[Exercise instructions]:
The records that follow are to be repeated in full, with no pictures retained.

Content starts

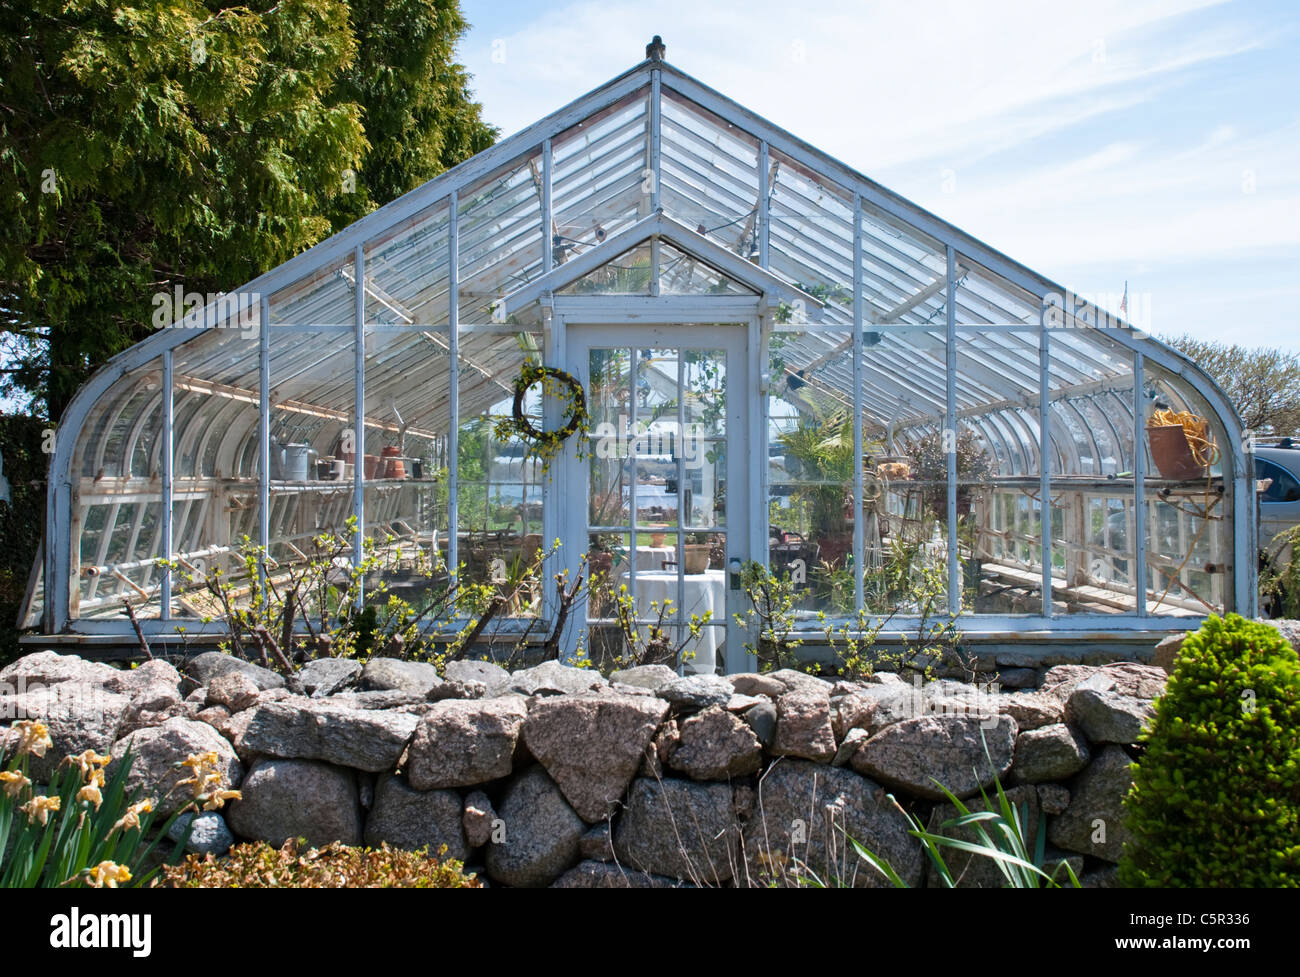 The growing season is just starting in this greenhouse in Westport. Stock Photo
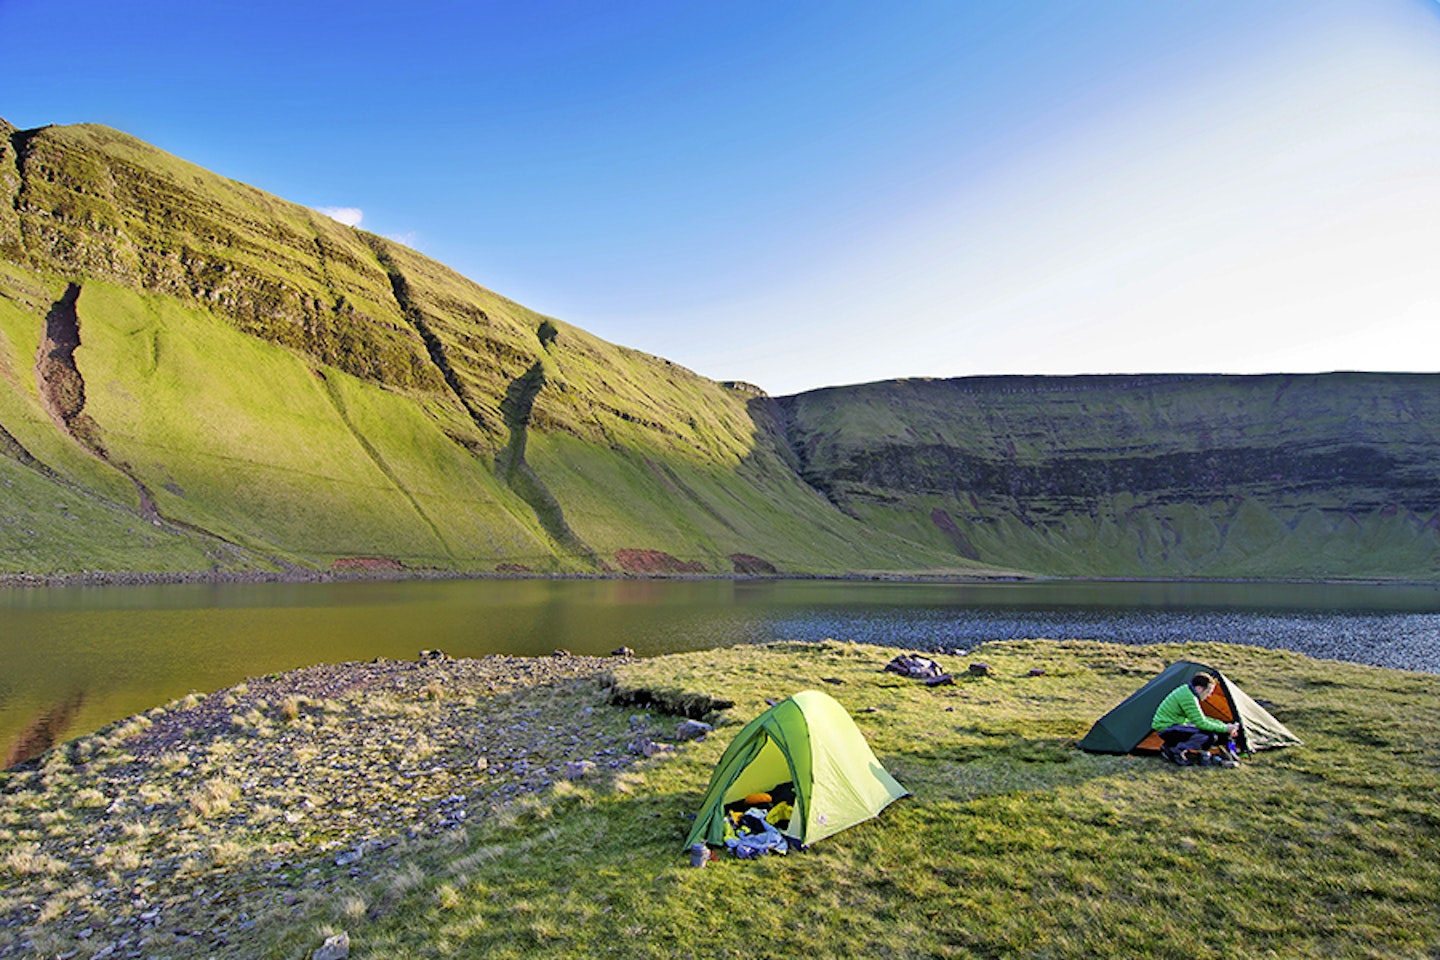 Wild camping beneath the surreal escarpments that characterise this magical walk in the Brecon Beacons.
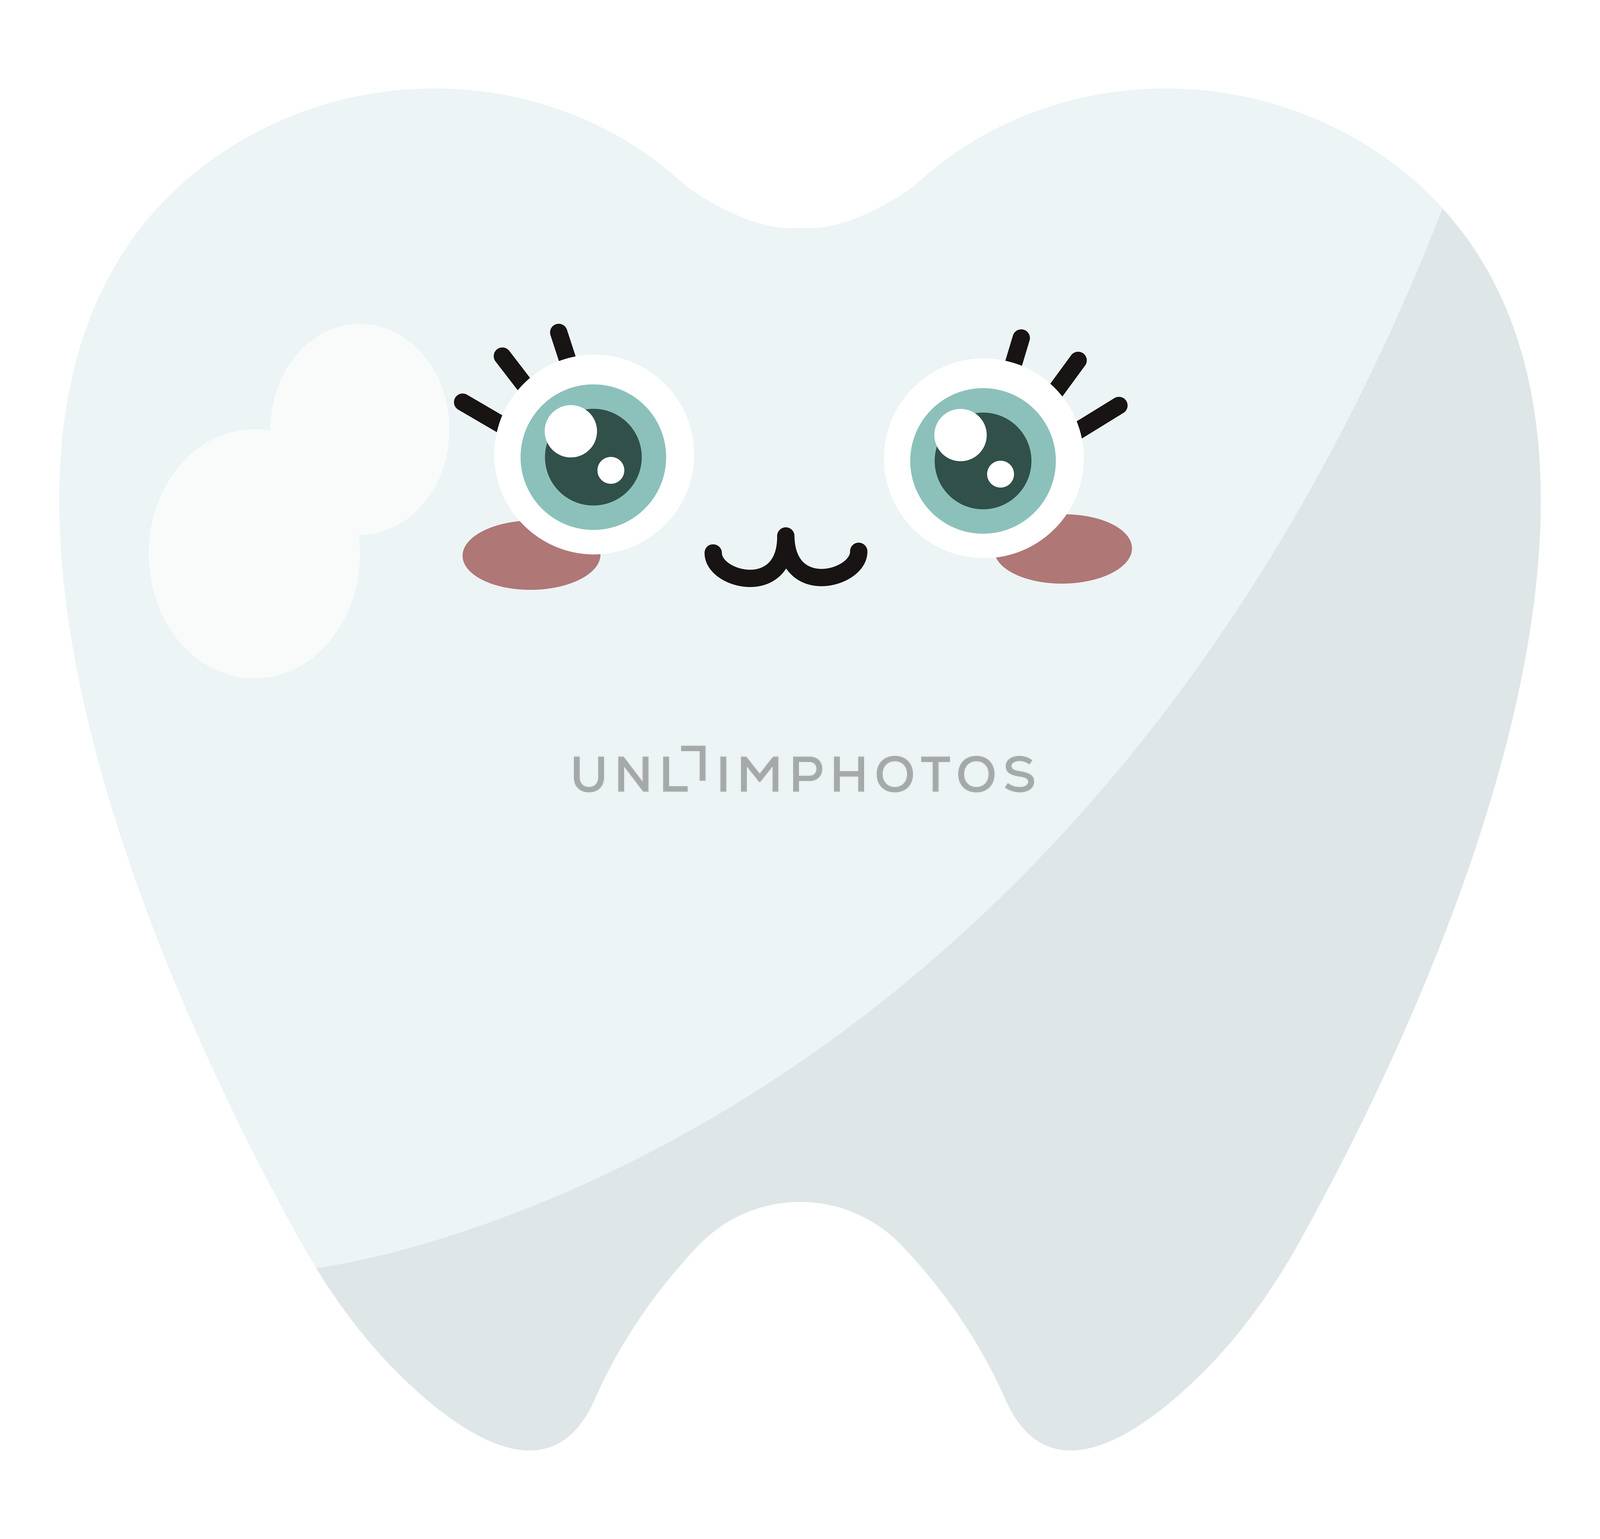 Cute tooth , illustration, vector on white background
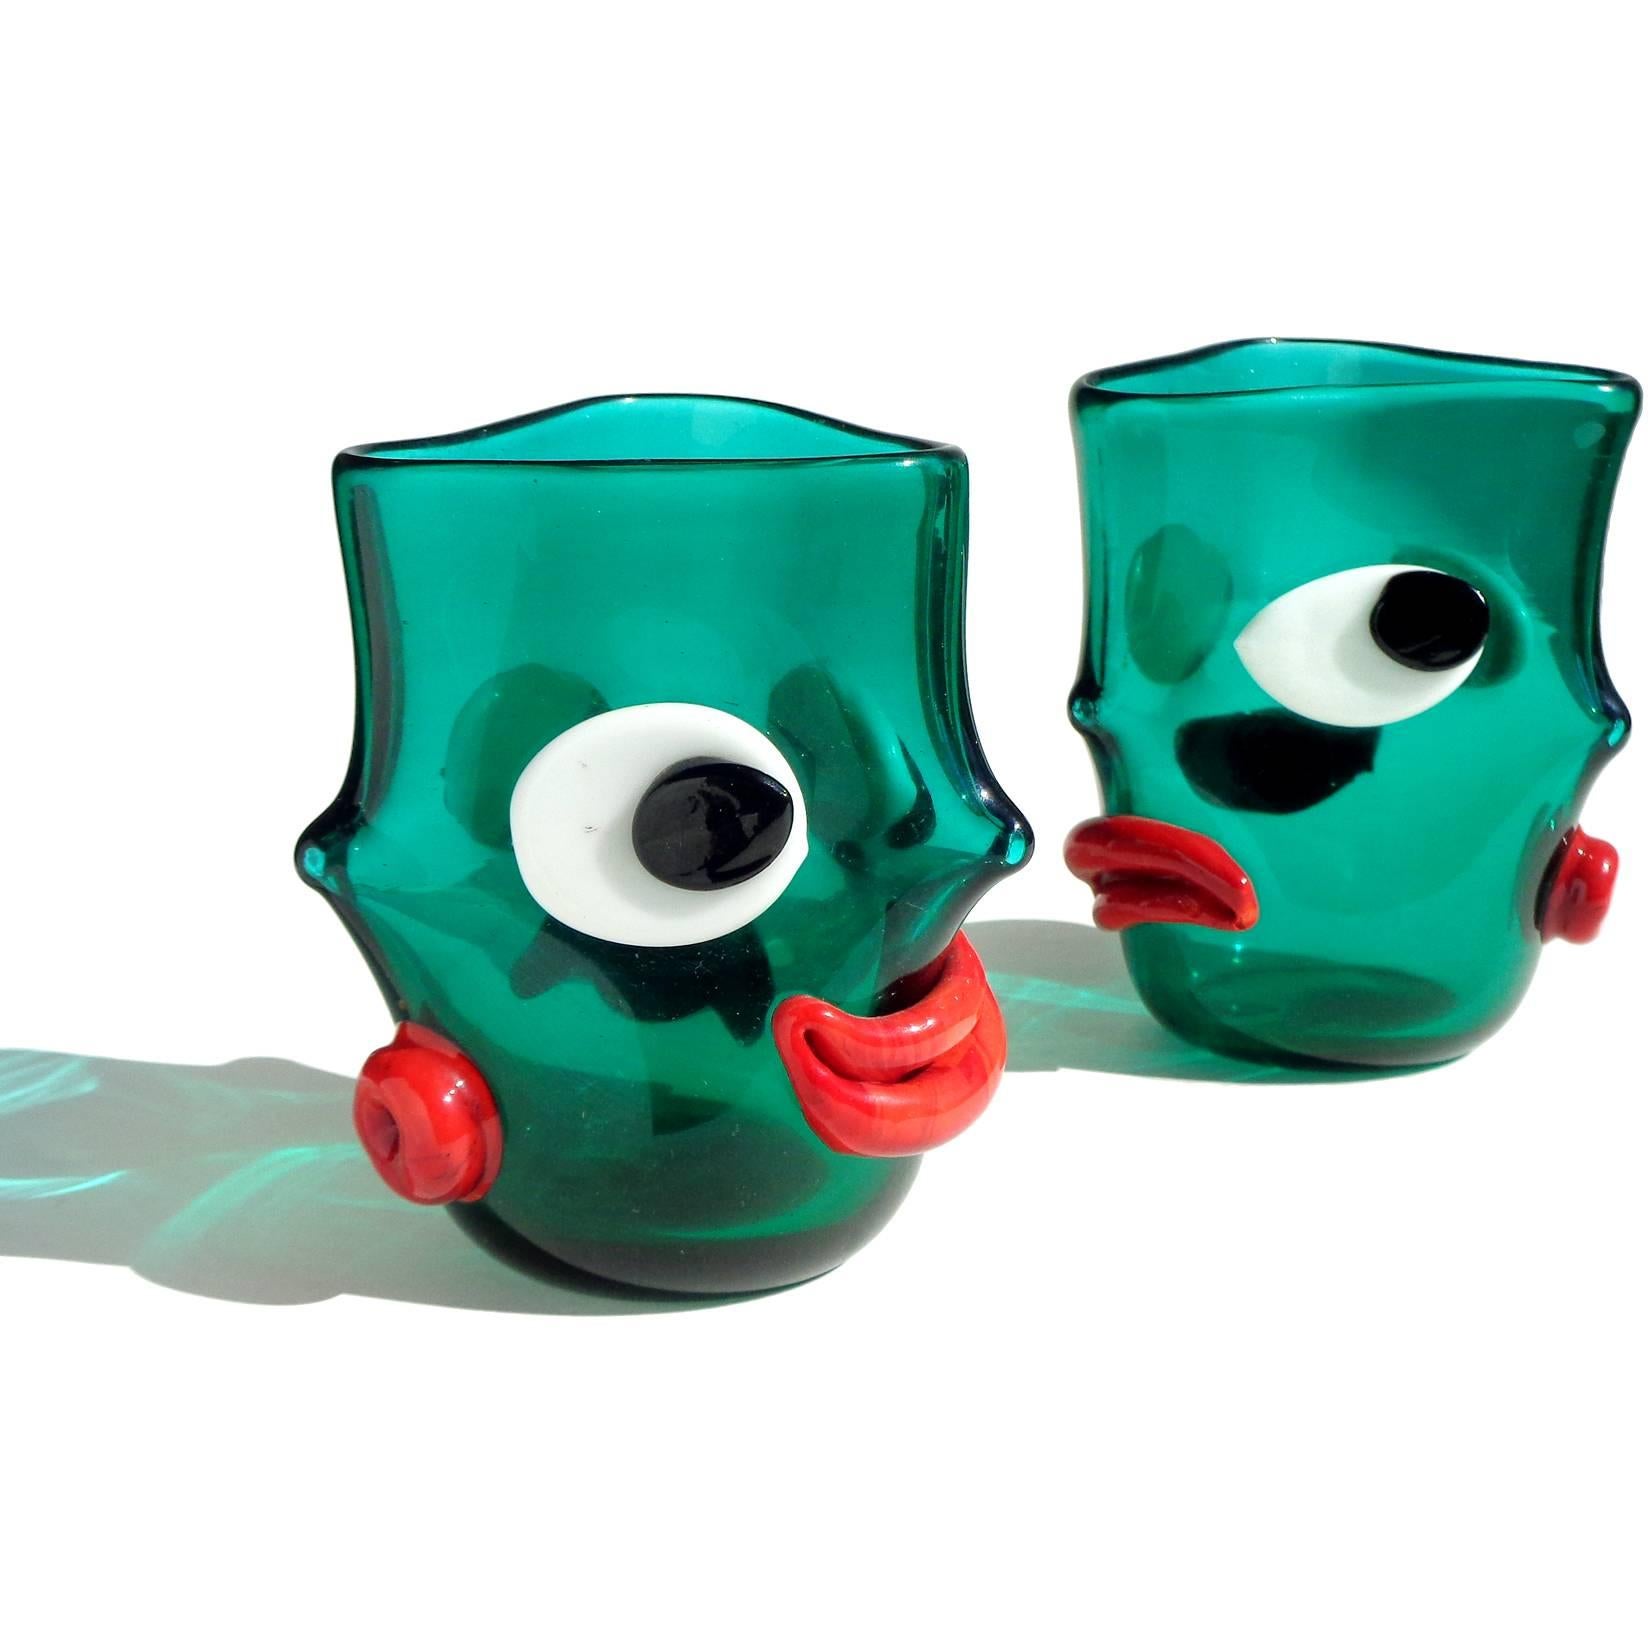 Free shipping worldwide! See details below description.

Rare pair of Murano handblown green with applied eyes and mouth art glass

Content ends

[Written reply]:
 The growing season is just starting in this greenhouse in Westport. Stock Photo
 Wild camping beneath the surreal escarpments that characterise this magical walk in the Brecon Beacons.
 Cute tooth , illustration, vector on white background
 Free shipping worldwide! See details below description.

Rare pair of Murano handblown green with applied eyes and mouth art glass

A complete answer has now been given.